Terminal d'exportation de GNL de Sabine Pass, dans le Golfe du Mexique. (©Cheniere Energy)
Dans le contexte de la guerre en Ukraine, l'Union européenne est passée, pour son approvisionnement gazier, « d’une dépendance russe à une dépendance américaine», déplore Alexandre Joly, responsable du pôle Energie du cabinet de conseil Carbone 4(1). Avec des conséquences néfastes.
L'envolée des importations de GNL américain
Si l'Europe a toujours dépendu de pays extérieurs pour sa consommation de gaz, un changement important s'est opéré depuis la fin de l'année 2021. Alors qu'elle importait majoritairement du gaz russe par gazoduc, elle importe désormais majoritairement du gaz norvégien par gazoduc, ainsi que du GNL américain.
En 2022, l'UE a importé 56,4 milliards de m3 de GNL à partir des États-Unis, soit une hausse de 153% par rapport à 2021, « ce qui implique que l'objectif de la Déclaration conjointe UE-États-Unis de mars 2022 sur la sécurité énergétique, qui prévoyait une augmentation de 15 Gm3 par rapport à 2021, a été largement dépassé »(2).

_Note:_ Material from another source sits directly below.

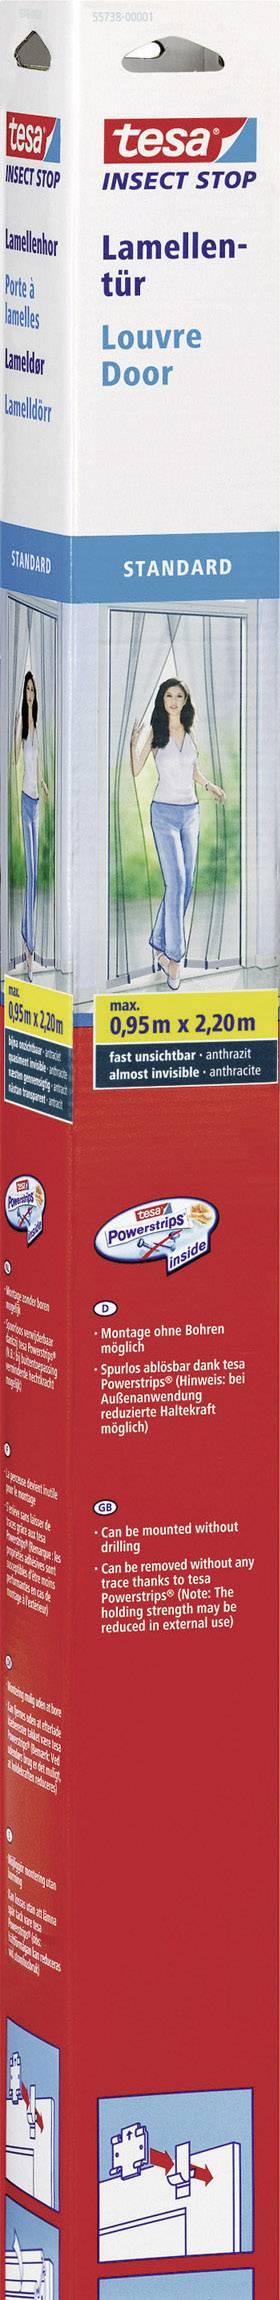 Záves proti hmyzu do dverí Tesa Standard, 55198-1-0, 0.95 x 2.2 m, antracit

La part du GNL américain dans la consommation de gaz naturel de l'UE est passée d’environ 5% en 2021 à 20% entre mi-décembre 2022 et mi-février 2023 tandis que la part du gaz russe a chuté de 40% à 10% sur la même période.
Au 4e trimestre 2022, les États-Unis ont compté pour 36% des importations de GNL de l'UE. (©Connaissance des Énergies, d'après Carbone 4)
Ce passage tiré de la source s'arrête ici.